Word Count: 1,010
Summary: We've all read in history class at least some of the real Declaration of Independence, but if it was just America writing to England, how would he say goodbye?
*Umm, I've never written anyhting like this before, so let's see how it goes!
By the time you read this letter, I’ll be gone. Well, not gone gone, but I won’t be waiting around for you anymore. I’ll be too busy helping my people write the Constitution and making weapons for the war. If it comes down to that. Because I really hope it doesn’t. But if it does, I will fight you, and I will win. Heroes don’t back down from a challenge, no matter how hard it gets. And I am definitely a hero. So, in short, I’m leaving you to become my own nation, to be independent. And if that bothers you, just know that you brought this all on yourself.
I remember when I first met you- I was just a child- young and naive and scared. You seemed so big and strong at the time, definitely bigger than me. So I held onto you. I chose you to protect me, and I trusted that you would always have my best interests at heart. And I truly believe that you did… in the beginning. You were so kind to me, like no one else was. You took care of me. You became not only my guardian, but also my friend. You were my first friend… (I’ll never forget that, no matter what happens.)
But then, things started to change. You left me alone all the time… I didn’t want you to go. I never wanted you to go. But even as I stood in the doorway, clinging to your sleeve, begging, pleading for you to stay, you still left. How could you leave when you knew I needed you? How could you do that?! But before you left, you would always wipe the tears from my eyes and tell me to keep a stiff upper lip. You told me I was brave; you told me I was strong. And now, thanks to you I guess, I am.
Gradually, I learned to live without you. It wasn’t easy though. When you left, you were gone for months at a time, sometimes more. I used to sit at the docks day after day, hoping your ship would come sailing over the horizon. But it didn’t. I let many tears fall into harbor… I kept wishing that one of these days, I would receive a letter from you. But I never did. I spent many sleepless nights, staring up at the ceiling, listening to your voice echoing through my head. That voice would always tell me that everything was going to be ok. But, as your periods of absence grew longer and longer, that voice gradually faded away, until eventually, I couldn’t hear it anymore. That was when I realized that I couldn’t depend on you anymore. You, for whatever reason- being too preoccupied with your life over in Europe, or having too many other colonies to deal with, stopped caring about me. Not completely, I know. A part of you did still miss me and care about me. But it wasn’t
enough. I wasn’t enough. I will never let myself feel like that again.
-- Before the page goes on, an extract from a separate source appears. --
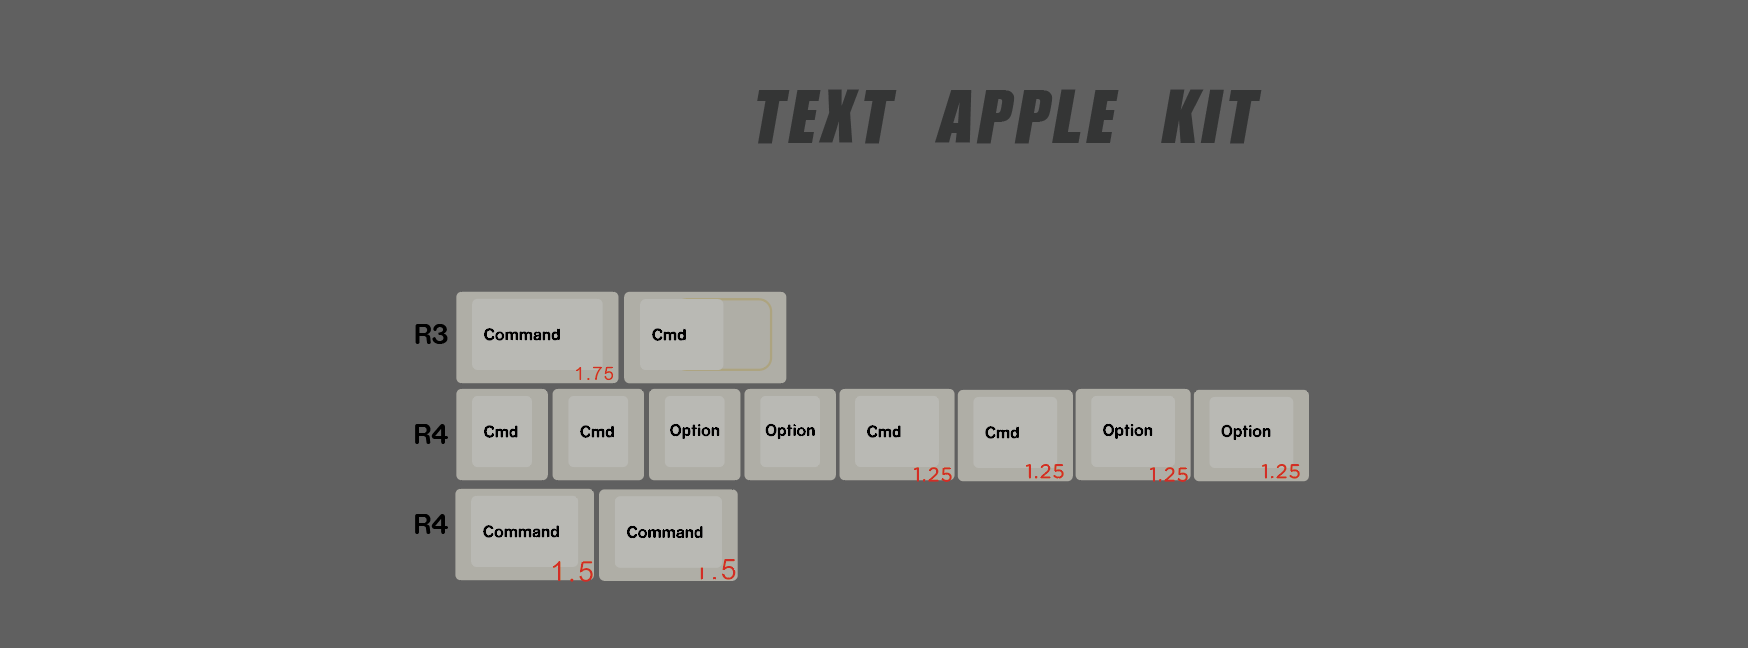 TEXT APPLE.png

I had to accept that this was the way life was going to be. I had to learn to live on my own, even though I knew I wasn’t ready. I had no one to help me, no one to give me advice. It was the loneliest point in my life. But with hard work and determination (and maybe a few tears), I was able to let go of my old life. For the first time, I started living for me. It was the best decision I could have ever made.
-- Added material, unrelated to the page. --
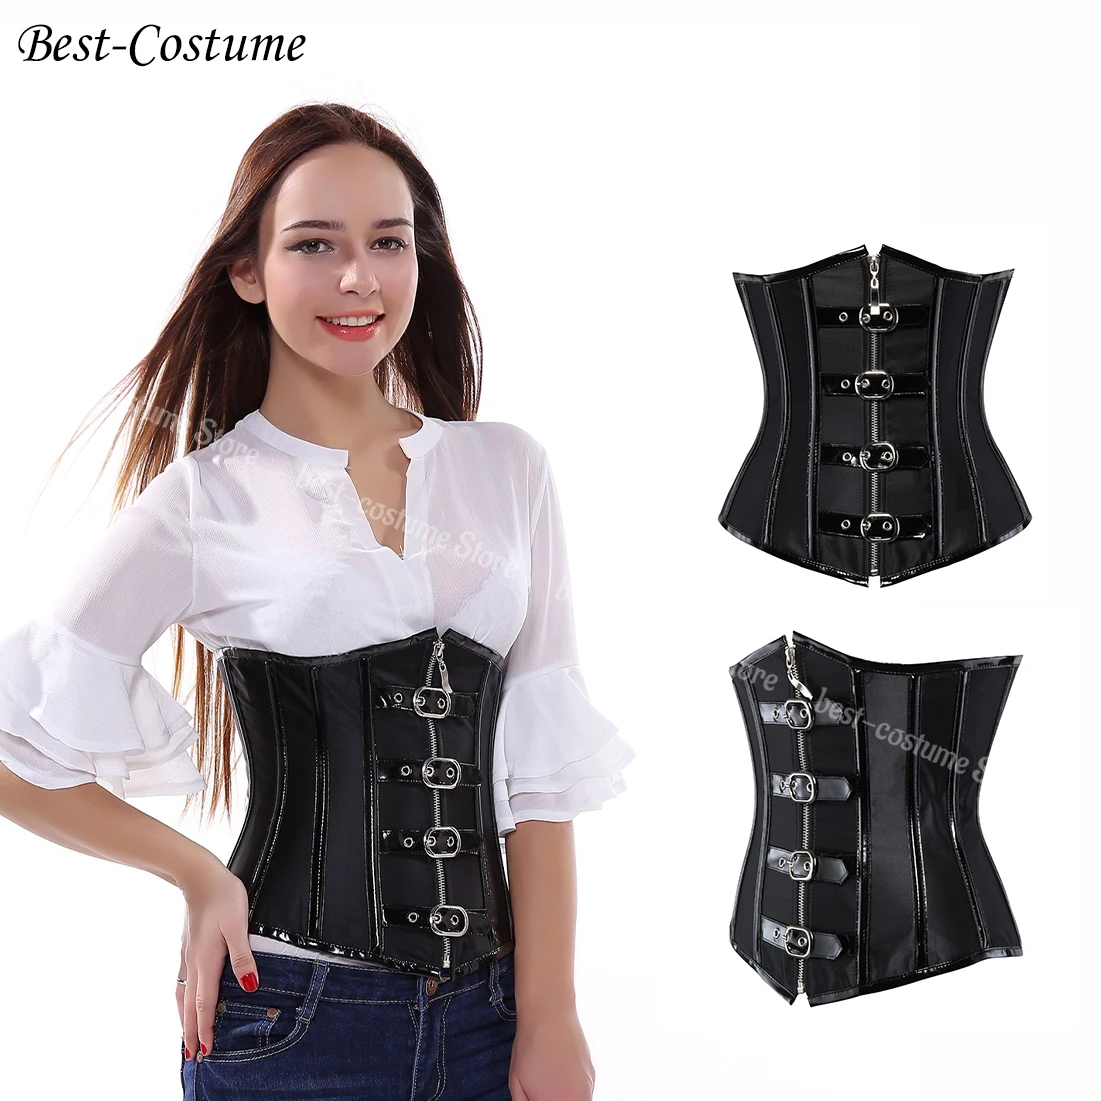 Sexy Gothic Spiral Steel Boned Corset Burlesque Steampunk Clothing Zipper Costume Bustiers Shapewear Black Red

Experimenting with self governing was tough, but I’m tough, so I handled it, and eventually, I got it right. It gave my people a sense of nationalism, and it gave me a sense of pride, accomplishment, and even happiness. I had tasted freedom, and I liked it. So naturally, when you popped in for your little visits every so often, things were different. I’d like to say that I never wanted to see you again, but that’s not true. A small part of me still secretly sort of liked your visits. But I was doing fine without you… though still a little lonely. But I was ready to stand on my own. The problem was that you weren’t ready to give me up- not because you cared about me or anything… you just liked the power and wealth that came from owning me. You only visited when you wanted something from me, usually money for the King, or whatever. You made up so many unfair, high taxes. But what really made me mad was how you never even talked to me about it. Did you think I was stupid? Did you think I couldn’t handle talking about that kind of stuff? Well, I’m not stupid… I’m just as capable as you are, but you treat me like I’m just your property. You take whatever you want, and then you just leave again. I thought we were supposed to be friends. I guess I was wrong.
I used to look forward to your visits. Now I cringe every time I see the British flag sailing towards the coast. I dread opening your letters because I know that it’s going to be bad news. Without you, my people will be happy… I will be happy. I don’t need you anymore. I’m strong enough to stand on my own… I have you to thank for that. If it wasn’t for your cold indifference, I never would have learned to be independent. But now that I have learned, it’s time for me to move on. Let me go. I hope that you can support my decision. But, if not, I don’t care. I won’t stop fighting until I have my independence. Because I need to do what’s best for me, and right now, you’re not it. I am, as of right now, officially my own country… no longer your colony. This… is my declaration.